The XR device 100 includes a memory 101 and a processor 102. The XR device 100 may be implemented in the form of, for example, an electronic device in an embedded device. Not all blocks illustrated in FIG. 2 are essential components, and some blocks included in the XR device 100 may be added, changed, or deleted in other embodiments. Meanwhile, the components illustrated in FIG. 2 represent functionally distinct elements, and at least one of the components may be implemented in a form in which the components are integrated with each other in an actual physical environment.

The memory 101 stores data and instructions required for an operation of the XR device 100.

The memory 101 may store information for tracking user motion including the head motion, hand motion, and the like of the user acquired using the HMD tracker 120. The memory 101 may store information for tracking user motions including the upper body motion, lower body motion, and the like of the user acquired using the RGB-D camera 140.

The processor 102 controls the overall operation of the XR device 100. The processor 102 may be implemented with one or more processors. The processor 102 may execute the instructions stored in the memory 101. The processor 102 may register pieces of user motion information acquired from the HMD tracker 120 and the RGB-D camera 140. The processor 102 may register the head, hand, upper body, and lower body motion of the user to display a three-dimensional avatar representing the user to the user.

FIG. 3 is an illustrative diagram illustrating origins and directions of a plurality of coordinate systems used for user motion tracking. In FIG. 3, C is the RGB-D camera coordinate system, and F is the floor coordinate system.

The HMD tracker 120 scans an actual three-dimensional space in an initial room setting process. The HMD tracker 120 sets an initial position of the XR user 20 on a floor surface of the scanned three-dimensional space as an origin OF of the three-dimensional space coordinate system, that is, the floor coordinate system F. Directions of the coordinate axes (x-axis, y-axis, and z-axis) of the floor coordinate system F may be arbitrarily determined by the user 20.

The RGB-D camera 140 scans the three-dimensional space using an infrared sensor, or the like, and sets a center of the camera 140 as an origin OC of the three-dimensional space coordinate system, that is, the RGB-D camera coordinate system C.

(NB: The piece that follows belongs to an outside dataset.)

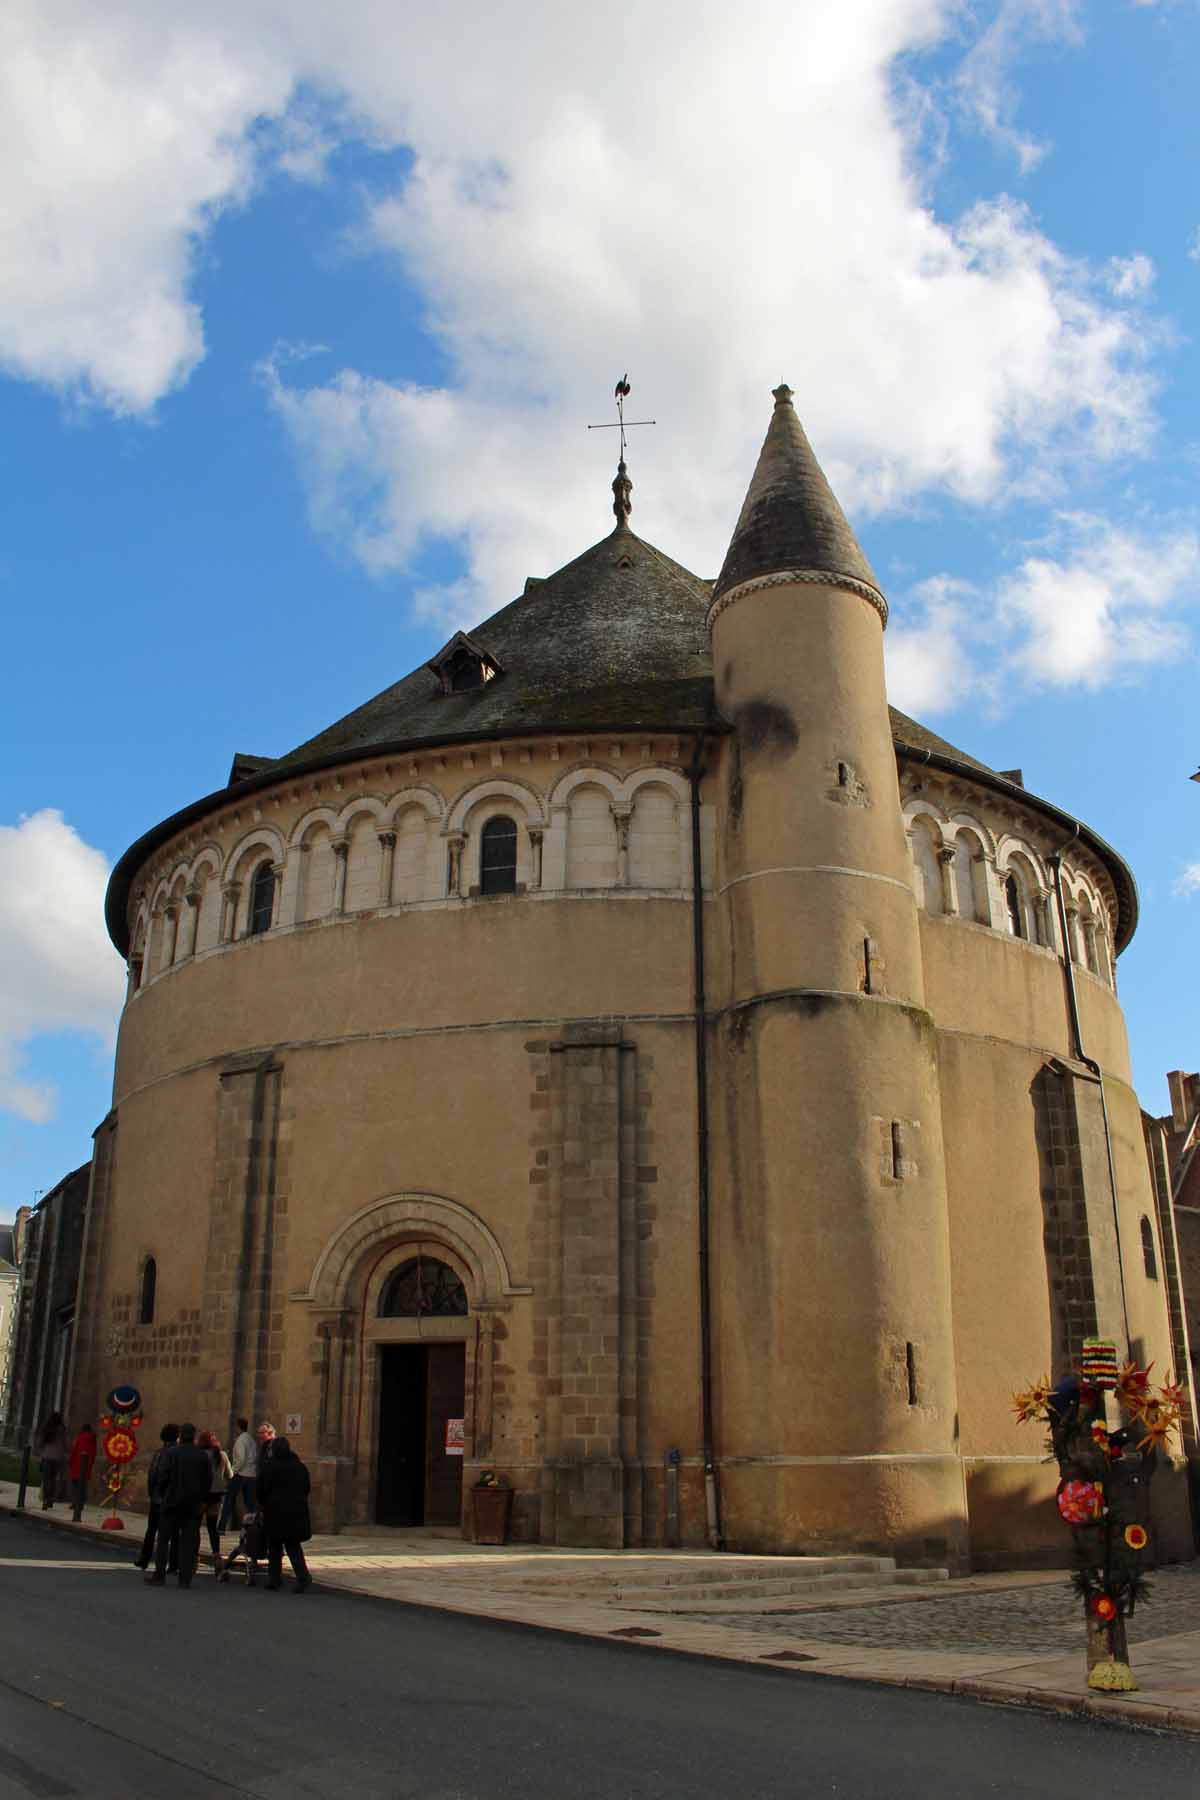 Neuvy-Saint-Sépulchre, collégiale Saint-Etienne, piliers

The HMD tracker 120 tracks the head motion and hand motion of the user 20 based on the floor coordinate system F, and the RGB-D camera 140 tracks an upper body motion and lower body motion of the user 20 based on the RGB-D camera coordinate system C. Since the HMD tracker 120 and the RGB-D camera 140 track the motion of the user 20 based on the different coordinate systems, a calibration process for registering the two coordinate systems is required.

Since the HMD tracker 120 and the RGB-D camera 140 use different sensors for motion tracking and have different tracking schemes and targets, a separate calibration device for processing complex calculations is required to effectively register the floor coordinate system F with the RGB-D camera coordinate system C. However, the full body motion tracking system 10 according to the present disclosure can perform calibration between the floor coordinate system F and the RGB-D camera coordinate system C without a separate calibration tool.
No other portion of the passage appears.